The appearance of cementum lines, observed in more than 50 different mammalian species all over the world, has been said to reflect the natural metabolic rhythm of seasonal changes. Seasonal rhythms in cementum annulations, as observed in the alternating dark and light bands, can be explained by the metabolism of the parathyroid hormone, which in connection with vitamin D regulates the resorption of calcium. 

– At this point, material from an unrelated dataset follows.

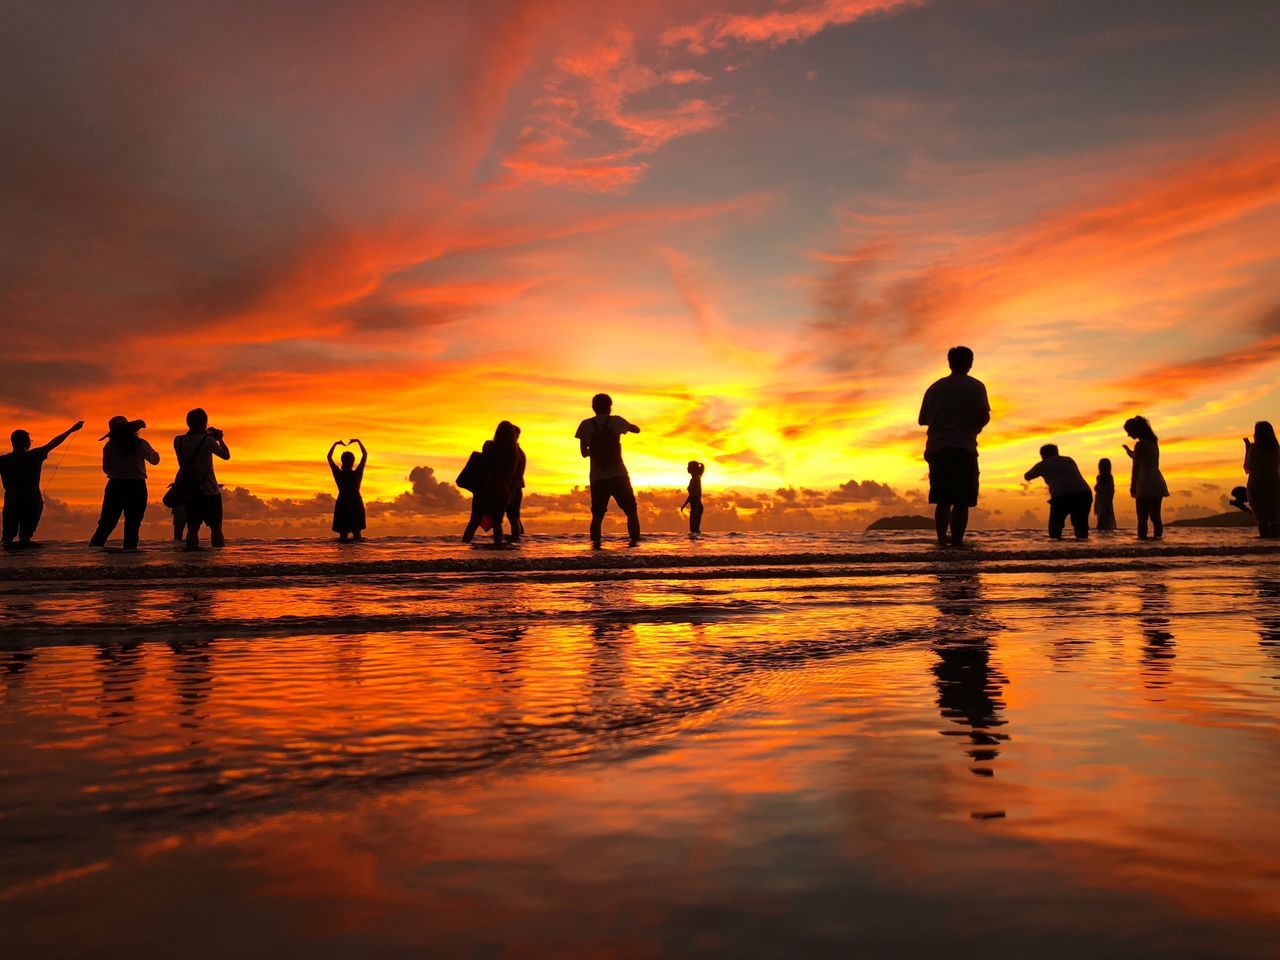 Tanjung Aru Beach, Sabah: How To Reach, Best Time & Tips

Thus, both hormones and vitamins may interact to produce a circannual rhythm by a complex mechanism of environmental and physiochemical synchronizers. Many questions remain regarding the mechanisms of TCA and its influencing factors, particularly concerning the interpretation of seasonal increments. ,,
The first use of cementum in human age estimation began with measurements of width of the total cementum layer, rather than the number of incremental lines. 
Stott et al.,  in 1982 first used TCA, as an age estimation method in humans. Further technical improvements  led to the suggestion that the TCA is superior to other tooth-based methods of age estimation in the adult skeleton.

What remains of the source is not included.